OCF 1.1 extends this to the `validate-all` action as well. If not specified or 0, only syntax and consistency checks should be done (for example, verifying that a parameter value is an integer if that's appropriate). If 10, the agent may additionally verify the suitability of the local host (for example, that a necessary directory exists).
=== Exit statuses ===
The meaning of a couple of exit statuses has been clarified:
* OCF_ERR_ARGS (2): parameters are invalid in the context of the local host (such as a nonexistent configuration file)
* OCF_ERR_CONFIGURED (6): parameters are internally invalid (such as a string given where only an integer is allowed)

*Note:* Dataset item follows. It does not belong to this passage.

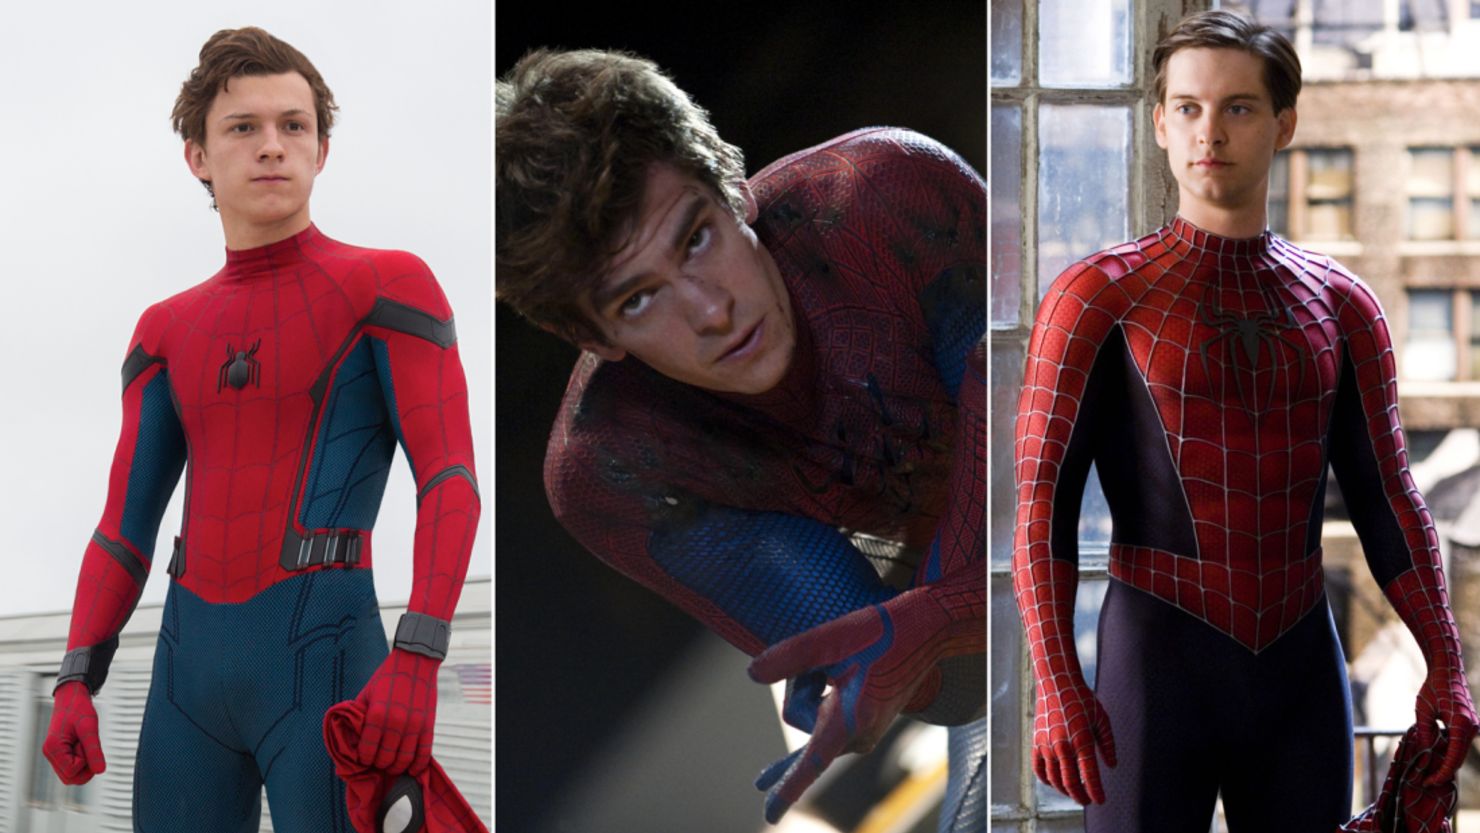 Tobey Maguire And Andrew Garfield Contributed More To Spider-Man

In addition, new exit statuses that were Pacemaker extensions have been adopted:
* OCF_RUNNING_PROMOTED (8): properly running in the promoted role
* OCF_FAILED_PROMOTED (9): failed in the promoted role
* OCF_RUNNING_DEGRADED (190): properly running but failure is more likely in the near term
* OCF_PROMOTED_DEGRADED (191): properly running in the promoted role but degraded
The symbolic names for these new statuses might or might not be defined by shell include files, so be aware of what includes you are using. If you want to maintain compatibility with older includes, you can define each symbol you need if it's not already defined, like:
```
: ${OCF_RUNNING_PROMOTED:=8}
```
== Pacemaker-specific changes for promotable clones ==
Pacemaker implements a number of extensions to the OCF standard. Pacemaker 2.1.0 and later make significant changes to these extensions with regards to promotable clones, so if you have an existing agent that supports promotable clones, these will affect you:
* Pacemaker now provides resource agents with new environment variables (in addition to the existing ones) for promotable clone notifications, with `master` replaced with `promoted` and `slave` replaced with `unpromoted`. For example, `OCF_RESKEY_CRM_meta_notify_unpromoted_resource` will be identical to `OCF_RESKEY_CRM_meta_notify_slave_resource`. Use the new names in your agent. If you want to stay compatible with older Pacemaker versions, put something like this all on one line near the top of your agent for each relevant variable the agent uses:
```
: ${OCF_RESKEY_CRM_meta_notify_unpromoted_resource:=$OCF_RESKEY_CRM_meta_notify_slave_resource}
```
* The `crm_master` command has been deprecated and replaced with a new `crm_attribute --promotion` option that defaults to `--lifetime=reboot` (example: `crm_master -l reboot -v 10` becomes `crm_attribute --promotion -v 10`. The old command will still work for now, but the new one should be used if available. The new option is available as of CRM feature set 3.9.0, which can be tested like:
```
ocf_version_cmp "3.9.0" "$OCF_RESKEY_crm_feature_set"
if [ $? -le 1 ]; then
crm_attribute --promotion <<options...>>
else
crm_master <<options...>>
fi
```
The ocf-shellfuncs include file from the resource-agents project might add some wrappers to simplify the above.